A previous article discussed the Children’s Health Insurance Program (CHIP) – covering healthcare for around nine million children and hundreds of thousands of pregnant women from low-income families – too high to qualify for Medicaid.

CHIP expired on September 30. Congress failed to renew it, states fast running out of funds to continue providing vital healthcare to needy recipients dependent on the program.

Social justice in America is being sacrificed to spend trillions of dollars on militarism and warmaking, trillions more on corporate handouts and tax cuts for them and super-rich households if congressionally passed legislation is signed into law – once differences between House and Senate bills are reconciled.

Sustaining CHIP requires authorizing $8 billion to fund it, pocket change compared what Congress hands war-profiteers and the nation’s privileged class.

Not according to GOP Senator Orin Hatch, saying

“(t)he reason CHIP is having trouble (passing) is because we don’t have money anymore.”

“We just add more and more spending and more and more spending, and you can look at the rest of the bill for the more and more spending.”

At the same time, he said “(w)e’re going to do CHIP…the right way” – meaning eviscerating the program, providing minimal funding, making it harder for needy families to qualify, and claim it continues as before – a shadow of what’s needed.

Hatch signaled what’s coming, adding he had a “rough time wanting to spend billions and billions and trillions of dollars to help people who won’t help themselves, won’t lift a finger, and expect the federal government to do everything.”

Since enacted in 1997, funding never lapsed, except when GW Bush vetoed reauthorization of the program. Days later, Congress provided short-term funding, the program reauthorized in 2009.

If the GOP-dominated Congress fails to renew it, or guts the program, calling it reauthorization, millions of needy needy recipients could lose coverage.

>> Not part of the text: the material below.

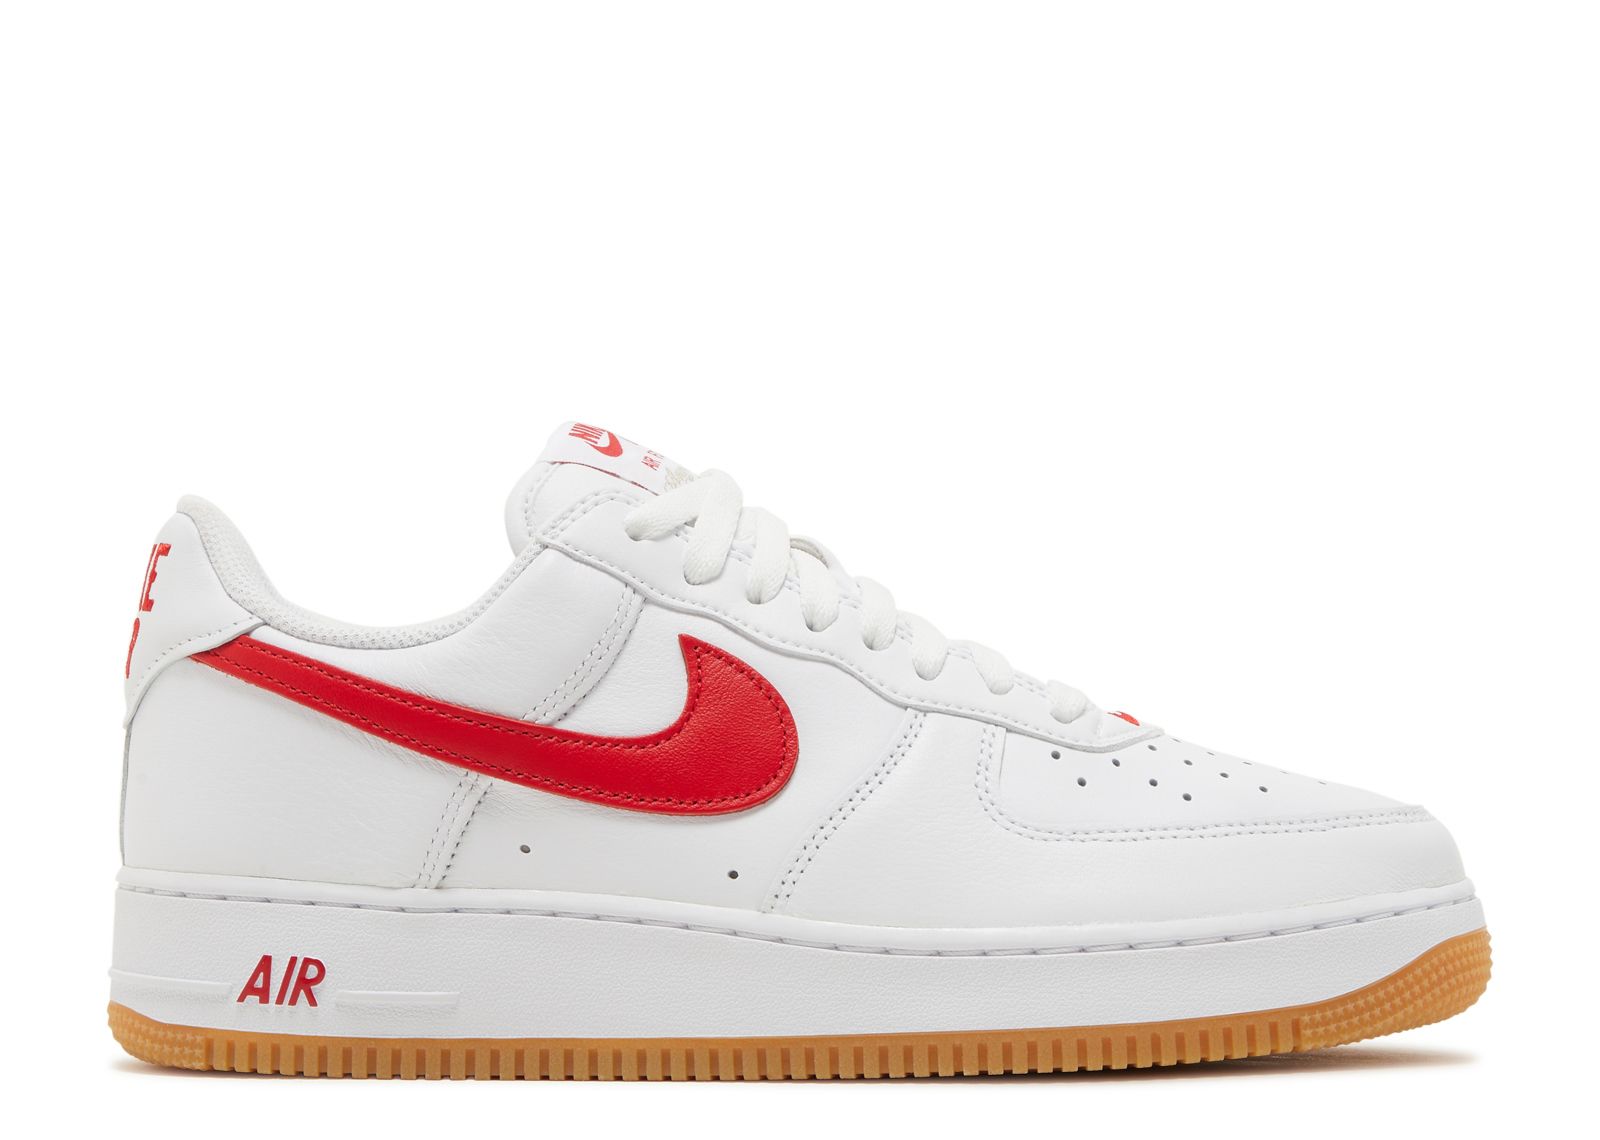 Кроссовки Nike Air Force 1 Low 'Color Of The Month - White University Red', белый original authentic nike air force 1 low mini swoosh men s skateboarding shoes sport outdoor sneakers 2018 new arrival 823511 603

According to Tricia Brooks, senior fellow at Georgetown University’s Center on Children and Families, if Congress fails to reauthorize funding for CHIP before the year-end holiday period, it’s “going to have a real chilling effect on our country’s historic progress in covering children,” adding:

Without congressional renewal this month, “(s)tates are either going to come up with more money to provide coverage for these kids or they are going to have to take steps to close down or temporarily freeze their programs.”

GOP and undemocratic Dems disagree on how to fund CHIP, Republicans wanting money taken from the Affordable Care Act to pay for it. Dems rejected the idea.

According to projections by the Medicaid and CHIP Payment and Access Commission (MACPAC), two states will run out of money this month.

Five more (and the District of Columbia) will exhaust their funding in early January, another 22 by March. By July, they’ll all be out of funds except Illinois and Wyoming.

According to the Centers for Medicare & Medicaid Services (CMS), responsible for administering CHIP, once states exhaust their funds, they’ll have to decide which program recipients qualify for Medicaid.

They’ll also have to choose between freezing enrollments in their healthcare programs or shutting them down entirely.

Millions of needy children and hundreds of thousands of pregnant women hang in the balance while Congress prioritizes helping the rich at the expense of the poor.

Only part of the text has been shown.